[Input data]
####

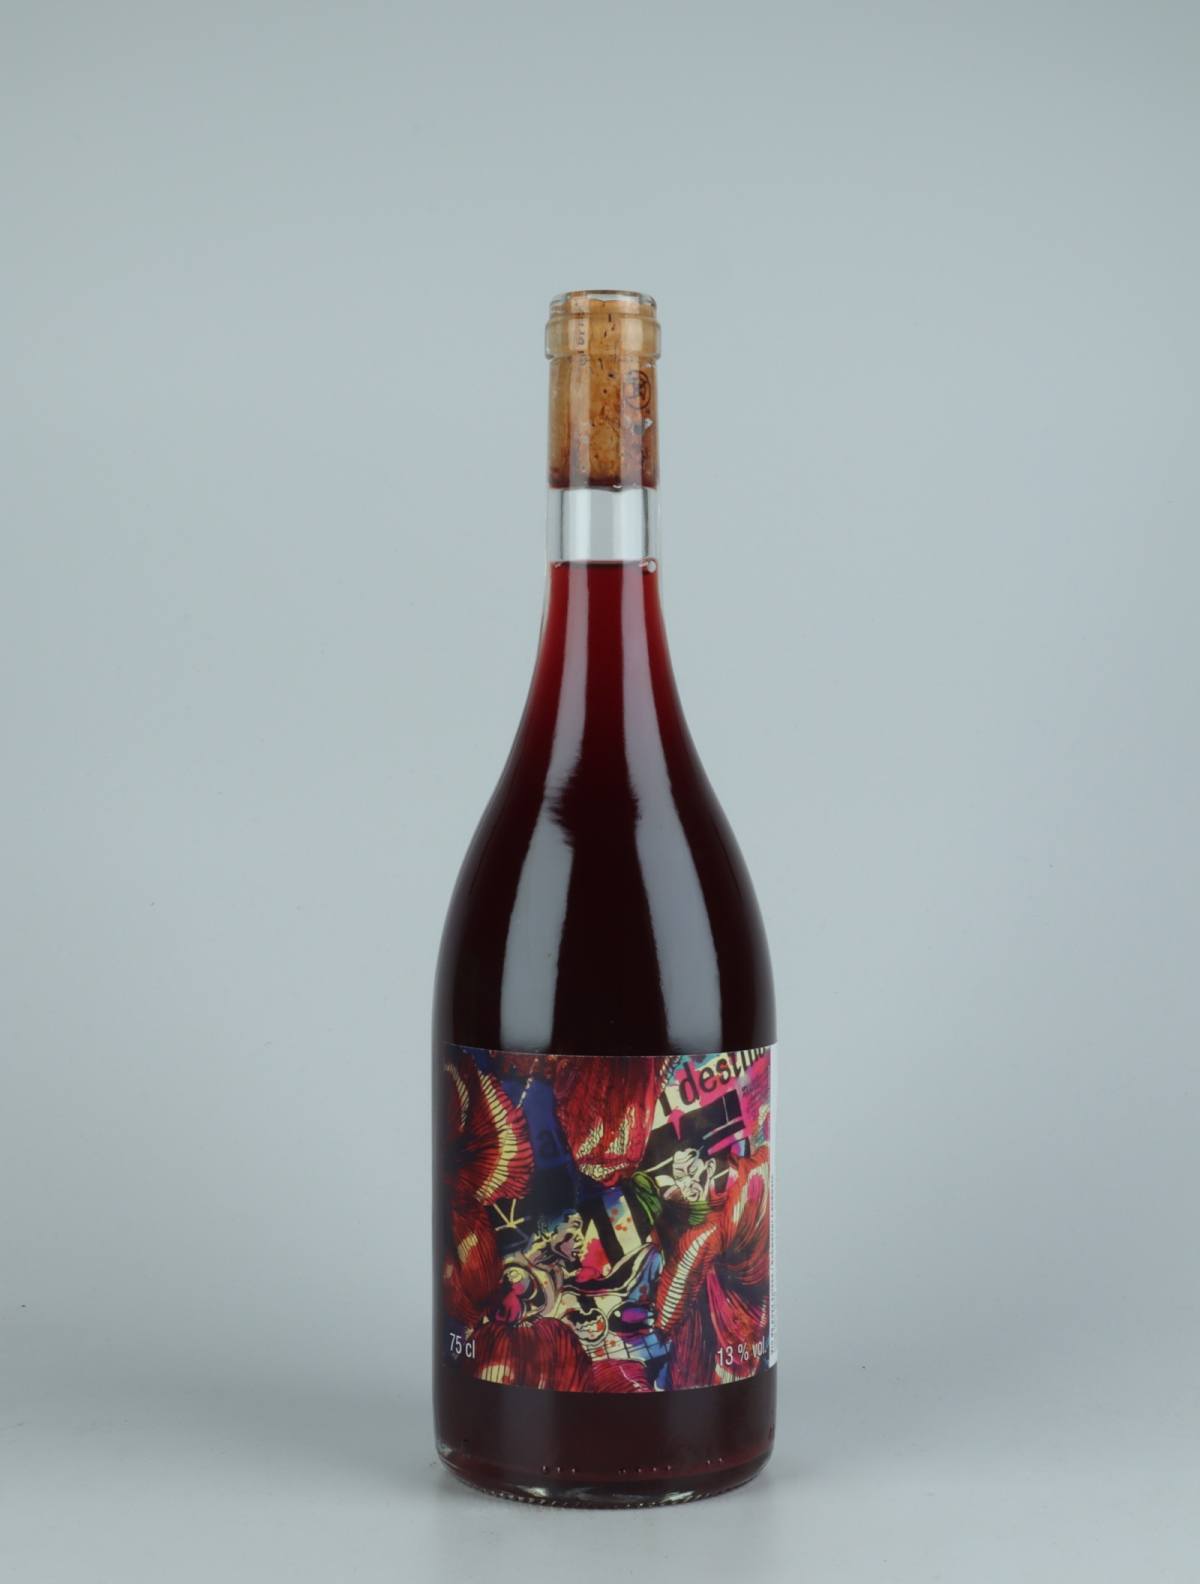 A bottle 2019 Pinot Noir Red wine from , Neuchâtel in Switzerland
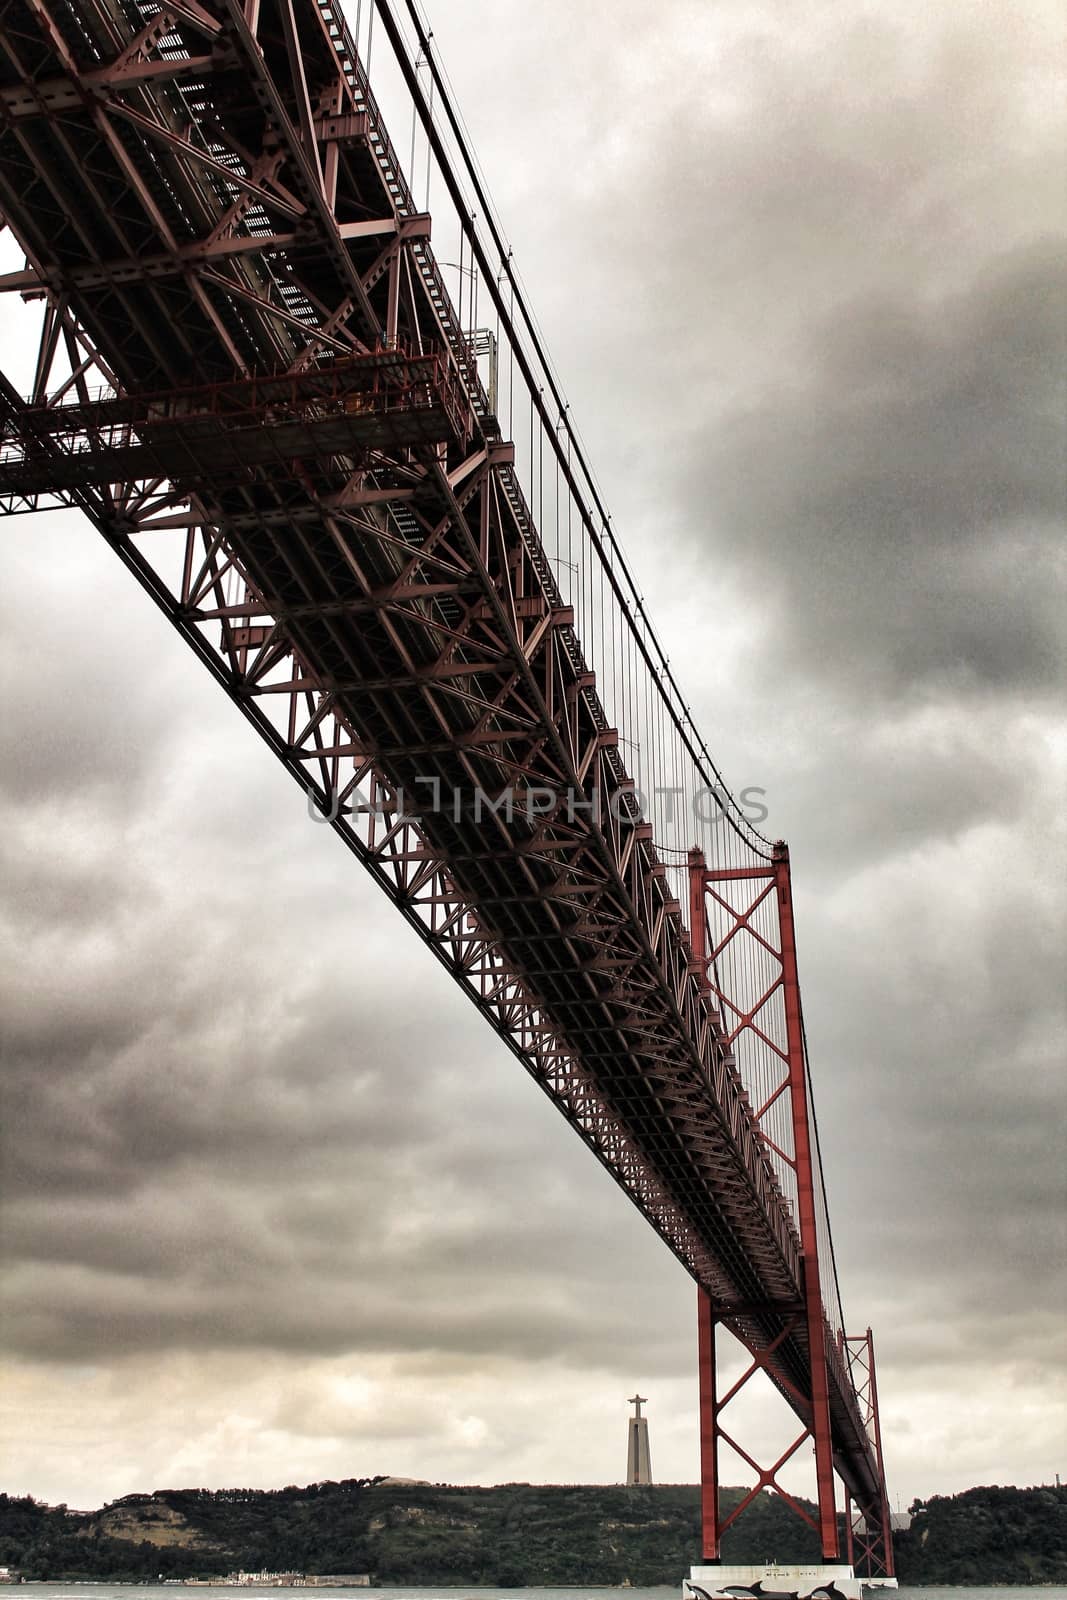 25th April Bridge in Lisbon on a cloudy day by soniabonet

####

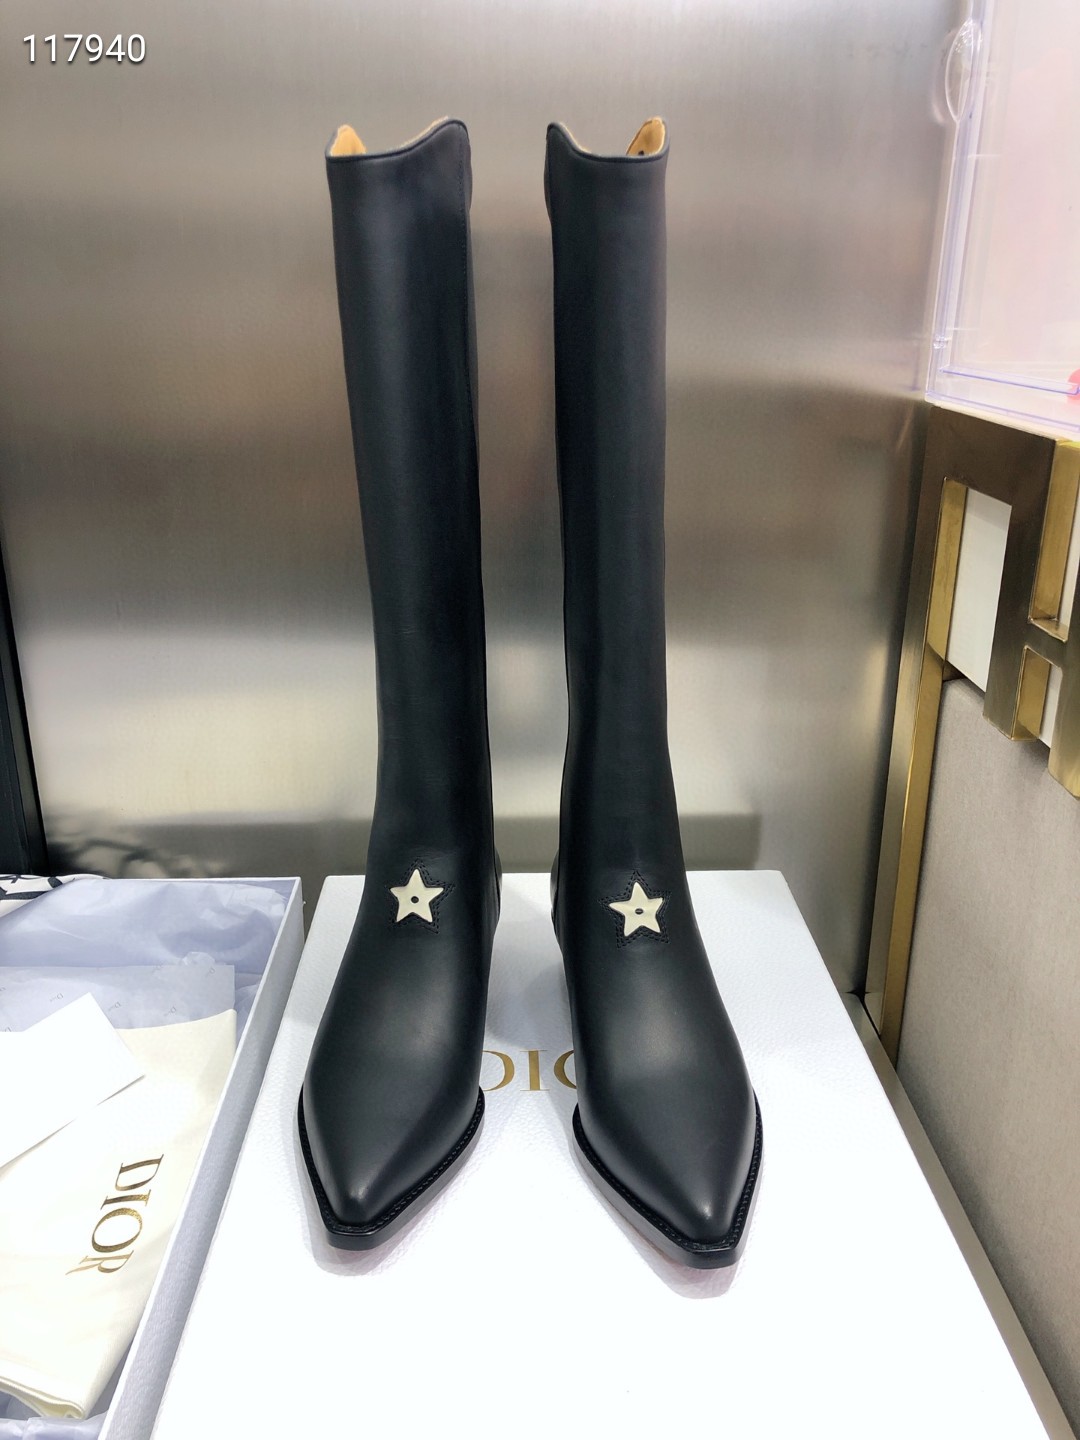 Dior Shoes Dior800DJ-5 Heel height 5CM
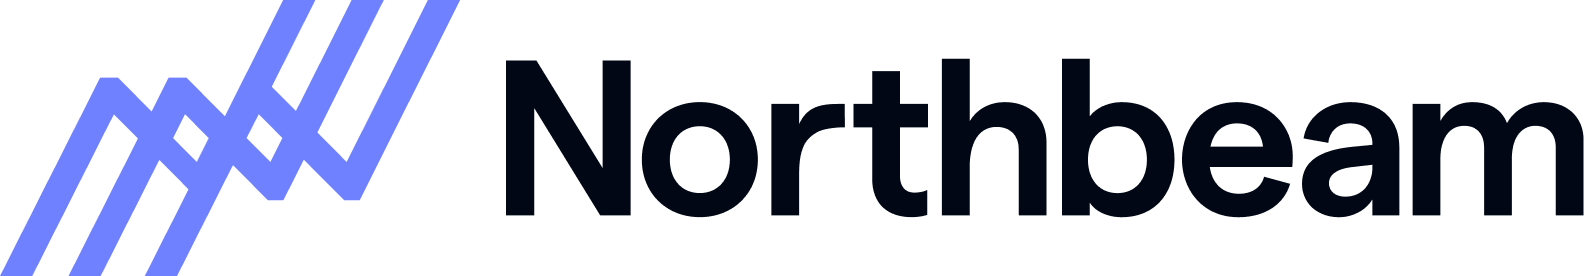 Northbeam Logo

####

[What you should do] An exact transcription is needed of the lines from the one with "A bottle 2019" to the one with "25th April Bridge" above, both ends included, with pictures left out.

[Response]
 A bottle 2019 Pinot Noir Red wine from , Neuchâtel in Switzerland
 25th April Bridge in Lisbon on a cloudy day by soniabonet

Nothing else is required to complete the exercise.